Andy Carroll: Headed for Jail or English Stardom?

| by Ian Palmer

There’s been quite a bit of controversy in England over the inclusion of Newcastle striker Andy Carroll to the England squad that lost 2-1 to France at Wembley on Nov. 17th. The reason most people were against him wearing the three lions of England on his chest had to do with his off-pitch performances not his on-field ones.

A lot of the old guard feel the 21-year-old Carroll isn’t worthy of representing his country because of the way he conducts himself in public. In fact many of them believe he’s no better than the hooligans who’ve given the sport a black eye over the past few decades and believe he’ll soon be trading in the striped jersey of Newcastle for a prison one.

Basically, Carroll’s been in the headlines too often recently for his brushes with the law even though he’s been banging the ball into the net on a pretty consistent basis with eight goals in his first 14 league games. He seems to be too similar to Newcastle’s Joey Barton personality-wise for many people as he’s shown a lack of respect for several people, including his teammates and ex girlfriend.

For those who aren’t familiar with Barton, he was convicted twice on violence-related charges and was handed a six-month prison sentence for one of them and served 77 days of it. He also received a four-month suspended sentence for assaulting a former teammate during training. On top of that he’s been accused of several other attacks and has been suspended more than once.

Carroll broke his teammate Steven Taylor’s jaw following an argument in training and was cautioned by the police after allegedly assaulting a woman. He also pleaded guilty recently to common assault after he said a glass "accidentally traveled through the air" and hit a man in the face just above the eye. On top of that, he’s also scheduled to go to trial soon for another alleged assault, this one on an ex-girlfriend. However, the six-foot-three professional athlete is claiming self defense on that one.

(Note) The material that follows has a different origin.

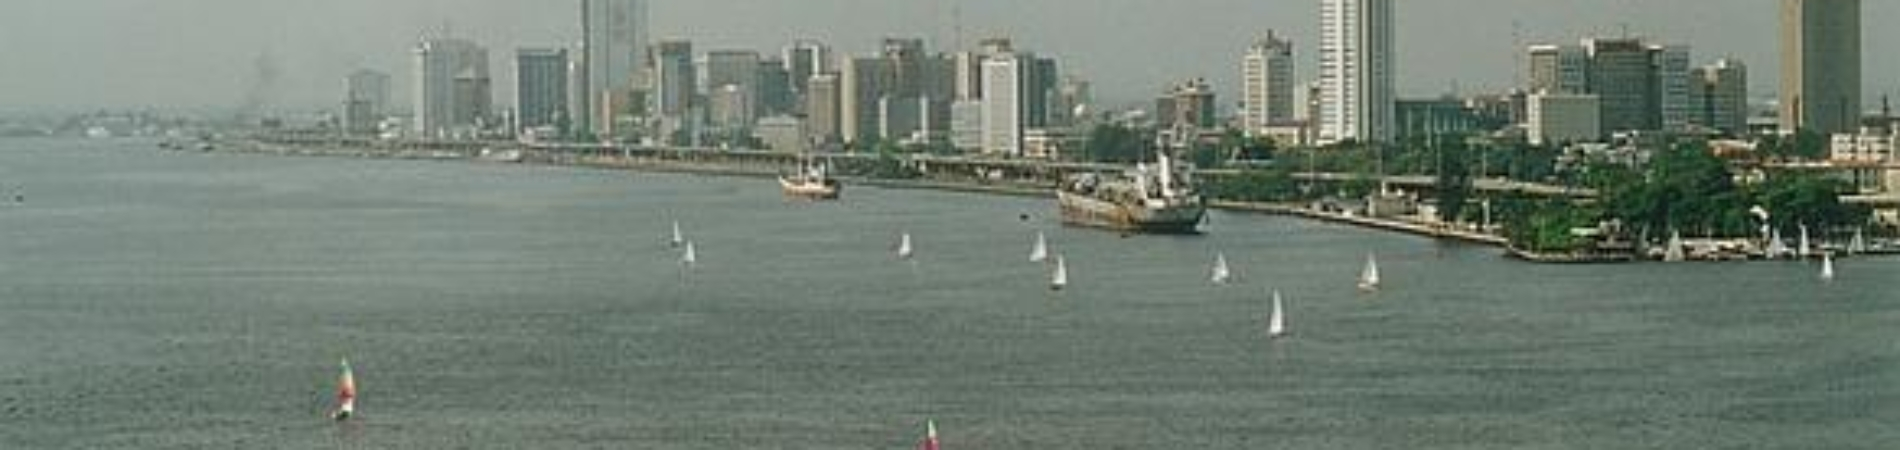 Lagos Bay, Nigeria

Carroll was released on bail recently and one of the conditions was he live with Newcastle captain Kevin Nolan. Two days after this tidbit of info went public, Carroll’s car was set on fire in Nolan’s driveway.

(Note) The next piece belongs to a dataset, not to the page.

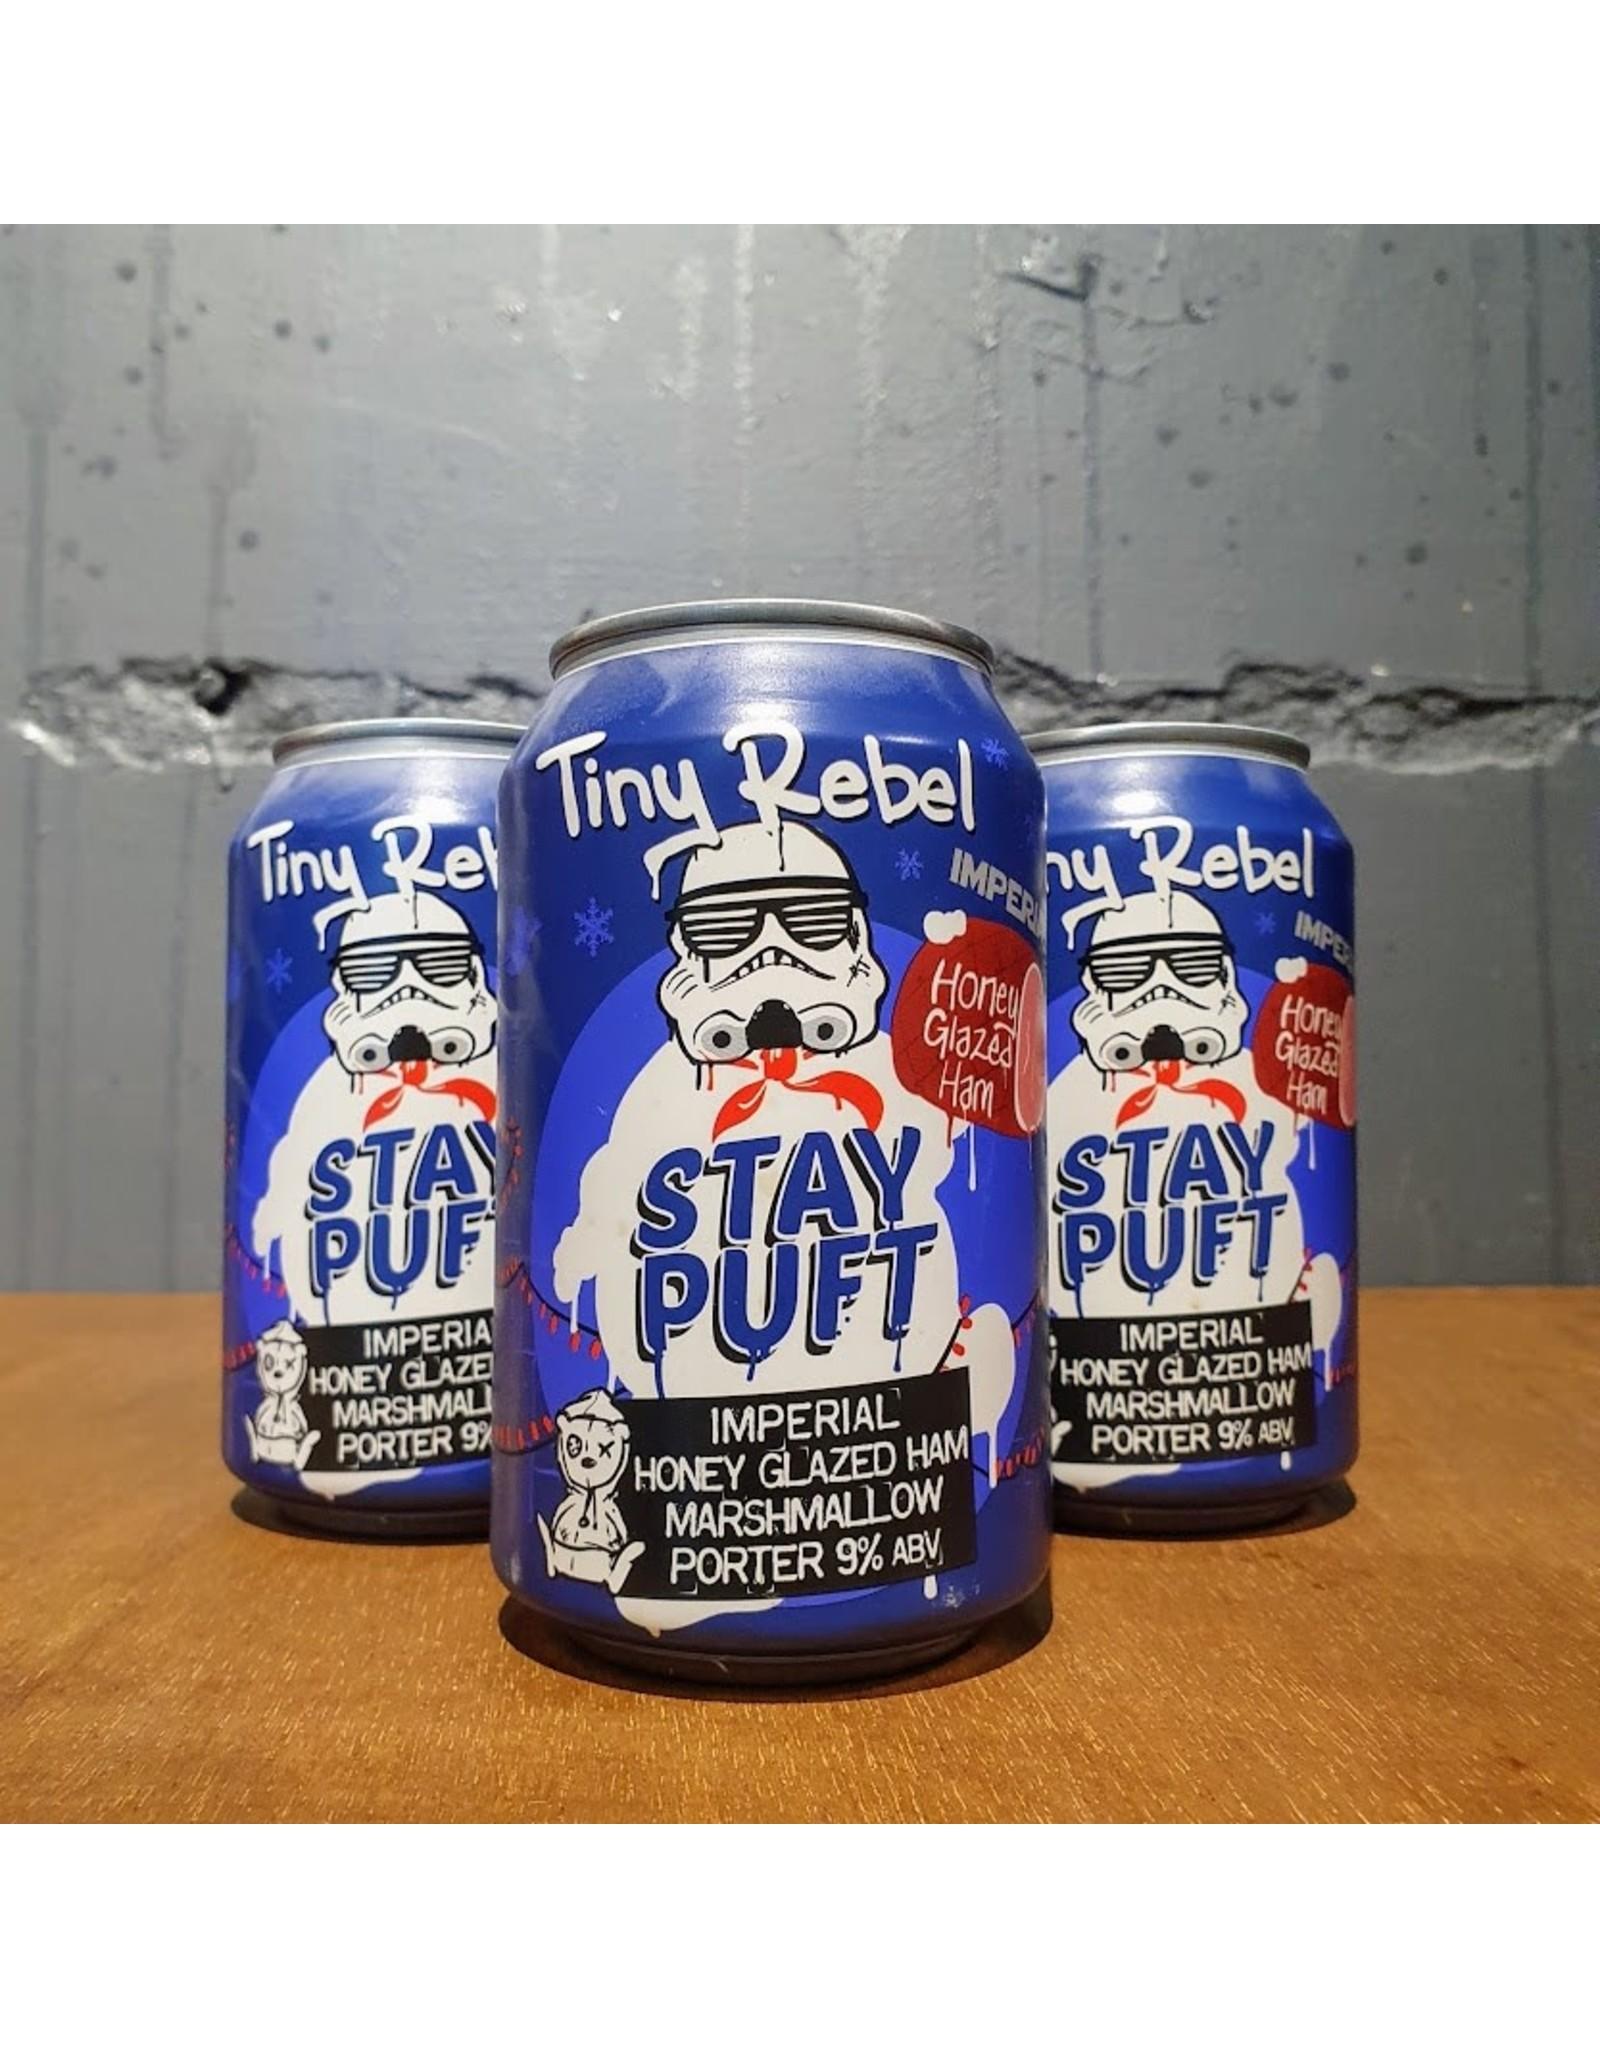 Tiny Rebel:  Stay Puft Imperial Honey Glazed Ham Edition

But whoever sentenced Carroll to live with Nolan might want to give their head a shake as some British newspapers published front-page articles of the two of them hosting some type of cocaine orgy at Nolan's place. But the both players denied any knowledge of the event and of taking drugs.

What it all boils down to is that many fans, journalists, managers and other people associated to soccer feel Carroll isn’t the type of role model who should be playing for the national team. They feel England players should represent their country properly both on and off the pitch. Carroll’s also had problems with England in the past. He was sent home from international duty by the England Under-19 team for breaking curfew before a game against Romania.

Of course, there are others who don’t care what players get up to on their own time as long as they can play the game at a high level. But it seems wherever Carroll goes, trouble follows. Especially being based in Newcastle, which is well known as a party town. But Carroll’s not the only one who’s been in trouble with the law in England. Numerous high-profile soccer players have been in the headlines over the years for various offences, including alleged rapes.

Some observers believe an England selection might actually be good for Carroll because it might help him change his lifestyle, while other feel it’s cheapening the names of some of England’s past heroes such as Sir Stanley Matthews, Sir Bobby Charlton, and Bobby Moore.

But the man who picks the England squad is supposedly manager Fabio Capello and he’s pretty hard pressed when it comes to selecting strikers at the moment. Wayne Rooney, Jermain Defoe, Darren Bent, and Michael Owen have all been out with injuries. In fact, Capello had to dip down to the Championship League to select Jay Bothroyd against France. Ultimately, Capello has to decide if he should pick the best players to represent England or the best people.